Norman v. Georgia Loan & Trust Co.

92 Ga. 295 | Ga. | 1893

Lumpkin, Justice.

This was an action upon a promissory note against B. W. Lewis and W. P. Norman, as executor of H. C. Lewis. The former made no defence. The defences mainly relied on by the latter were: (1) that H. C. Lewis was of unsound mind, and incapable of contracting, at the time the note was executed; and (2) that he did not, in fact, himself sign the note, nor authorize any person to do so for him. The evidence was voluminous, and decidedly conflicting, but that introduced on the part of the plaintiff was amply sufficient to support a finding by the jury that the deceased was mentally capable of contracting; that he freely and voluntarily authorized B. W. Lewis to sign his name to the note, and that this was done in his immediate presence. The court below was satisfied with the verdict returned by the jury, and the judgment refusing to grant a new trial ought not, therefore, upon the merits of the case, to be set aside.
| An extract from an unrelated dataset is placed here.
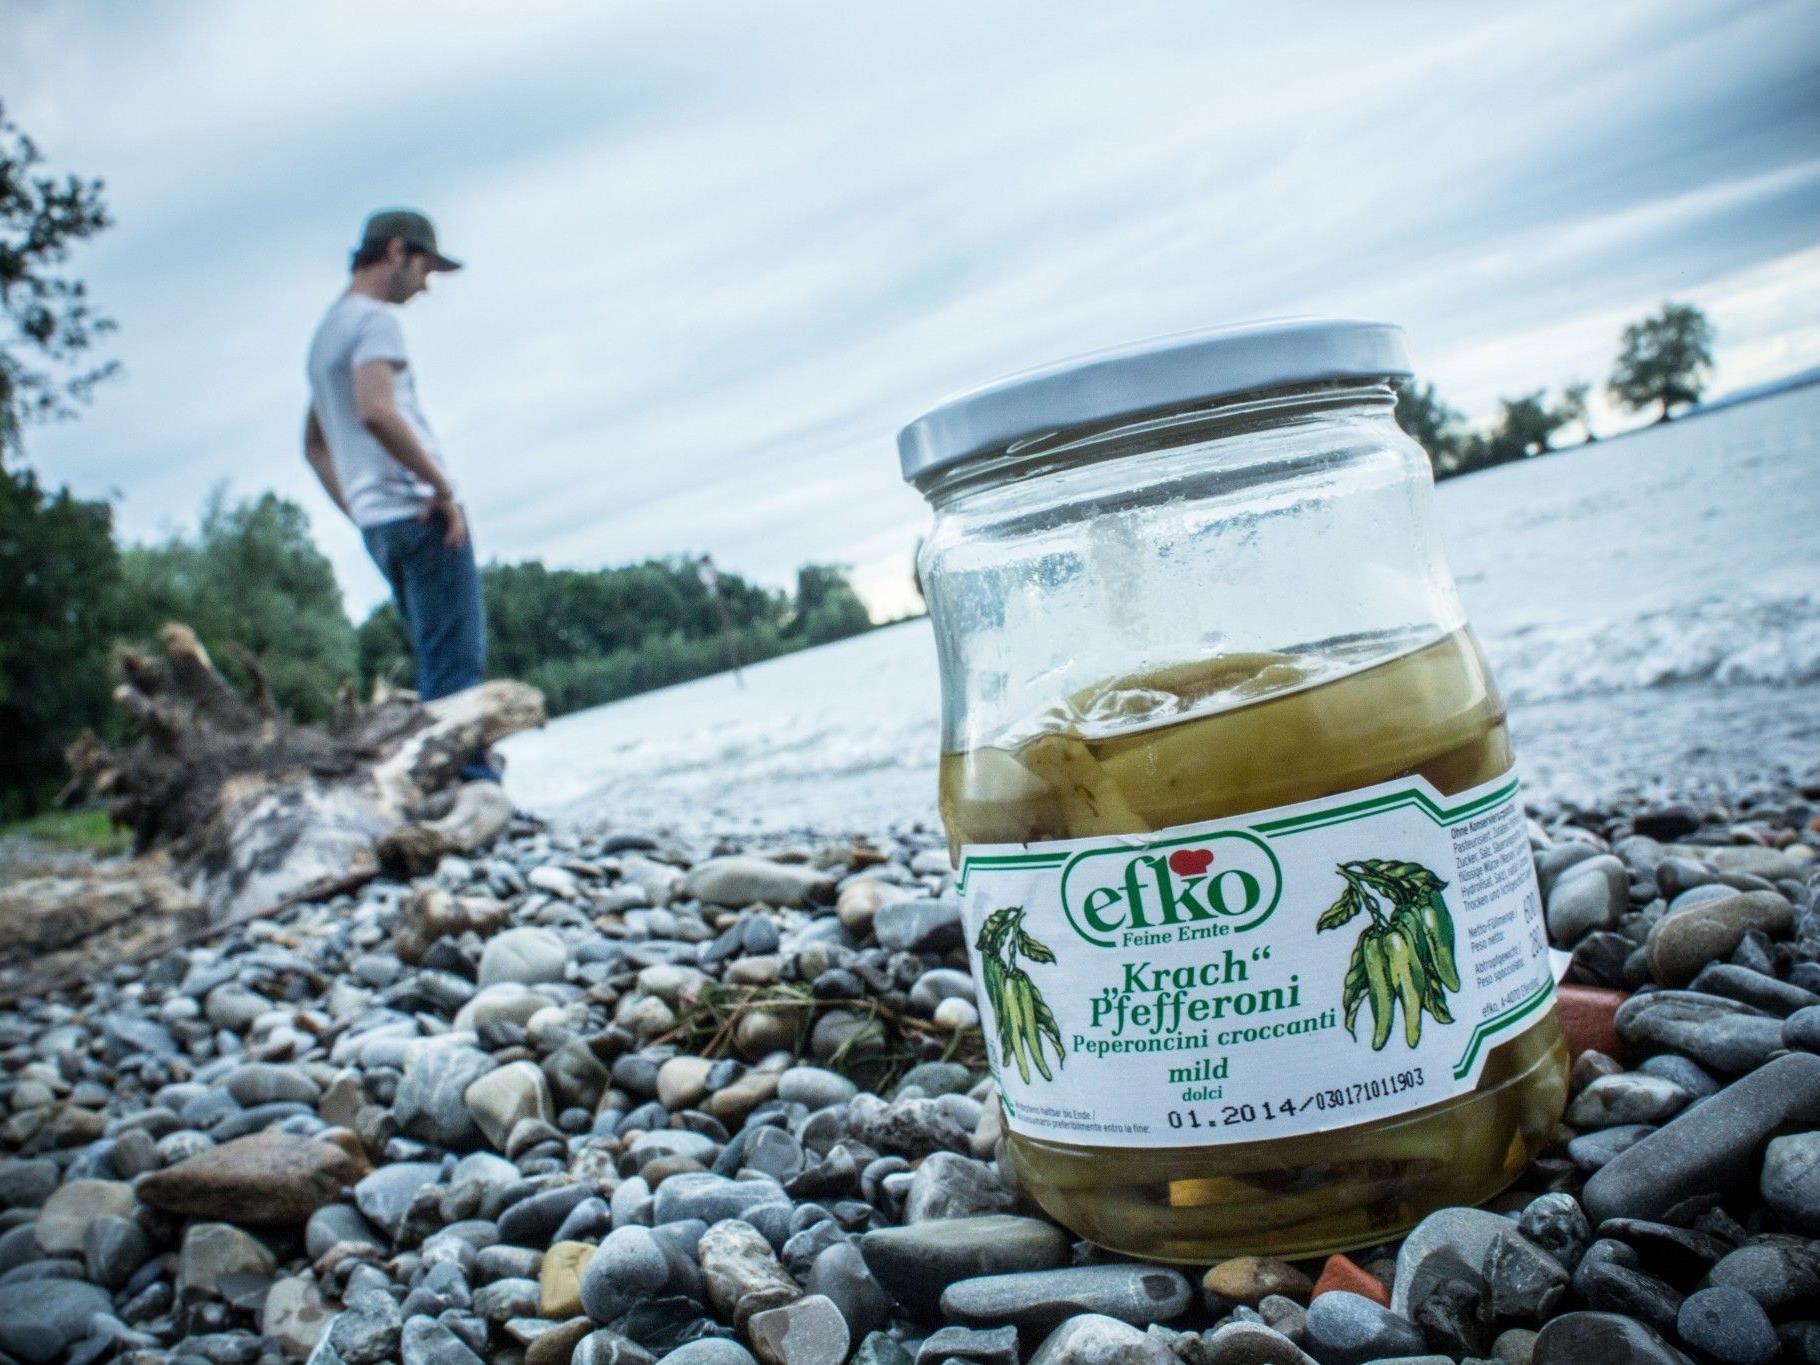 """Ein Glas Pfefferoni war Auslöser für einen beinahe """"ausufernden"""" Streit mit der Bodensee-Security."""

Error was assigned upon the following charge of the court: “ If he [referring to H. C. Lewis] signed himself, or if he instructed another to sign it for him, and if another signs his name to the note with his consent or authority, then it would be his contract, and as legally binding on him as if he had done it himself; so that if *296another signed it for him, or he authorized another to sign for him, you would be authorized to find against the plea of non est factum to the note, and in favor of it being his contract.” The alleged error was, that this charge was given without a statement or qualification to the effect that the rule stated would be true only in case H. C. Lewis had sufficient mind to make a contract. To test the fairness of this exception, it is only necessary to refer to the charge itself. In the charge immediately preceding the words above quoted, we find the following language: “ If you find from the evidence, gentlemen of the jury, that H. C. Lewis had mental capacity to make a contract, and that he authorized D. W. Lewis to sign his name to the paper sued on, then you would be authorized to find against the plea of non est factum.” Comment is unnecessary, except to refer to-the second division of the opinion of Bleckley, C. J., delivered in Fletcher v. The State, 90 Ga. 470, 17 S. E. Rep. 101, where the practice of detaching from its context a short extract from the charge of the court, and predicating an assignment of error upon it thus isolated,, is declared to be altogether improper.

The court was requested to charge : “ It does not require a high degree of mental power to make a binding agreement. One who has enough of mind and reason equal to a clear and full understanding of the nature and consequence of his act in making a deed, is to be considered sane. One who lacks this capacity, is to be considered insane.” This entire request was given with the exception of the last sentence, and complaint is made of this omission. It would, perhaps, have been better to give the request as presented, but we do not think it possible that the jury could have failed to understand from the instruction as given that one who did not possess the requisite capacity, as explained to them, would be incapable of contracting, and would not be bound by *297a contract purporting to have been entered into by him. Besides, in view of the whole charge, we are fully satisfied the jury were not misled in this particular. Where the converse of a proposition is plainly manifest even to a mind of but ordinary comprehension, it need not be stated.

The only remaining ground of the motion for a new trial assigns as error the following charge: “ If the defendant, H. C. Lewis, was at times insane, but had lucid intervals, during a lucid interval he would have the right to make a contract; and if he made a contract-during a lucid interval, then it would be a binding contract.” This,, certainly, is a sound and correct statement of the law, and counsel for the plaintiff in error so concede, but contend that it was error to give this instruction unaccompanied by any qualification to the effect that if a person is shown to be insane, the presumption is that he remains insane ; and that a person may have-what are called lucid intervals and yet not have sufficient-mind to make a contract. If it was desired to have the attention of the jury specially called to these qualifications of the principle announced by the court, counsel should have preferred a request to this effect. The charge as given did not necessarily require the qualifications mentioned, and certainly cannot be said to have-been misleading.

On the whole, there is, so far as we can perceive, no-merit whatever in this writ of error, and accordingly,, the judgment of the court below is Affirmed.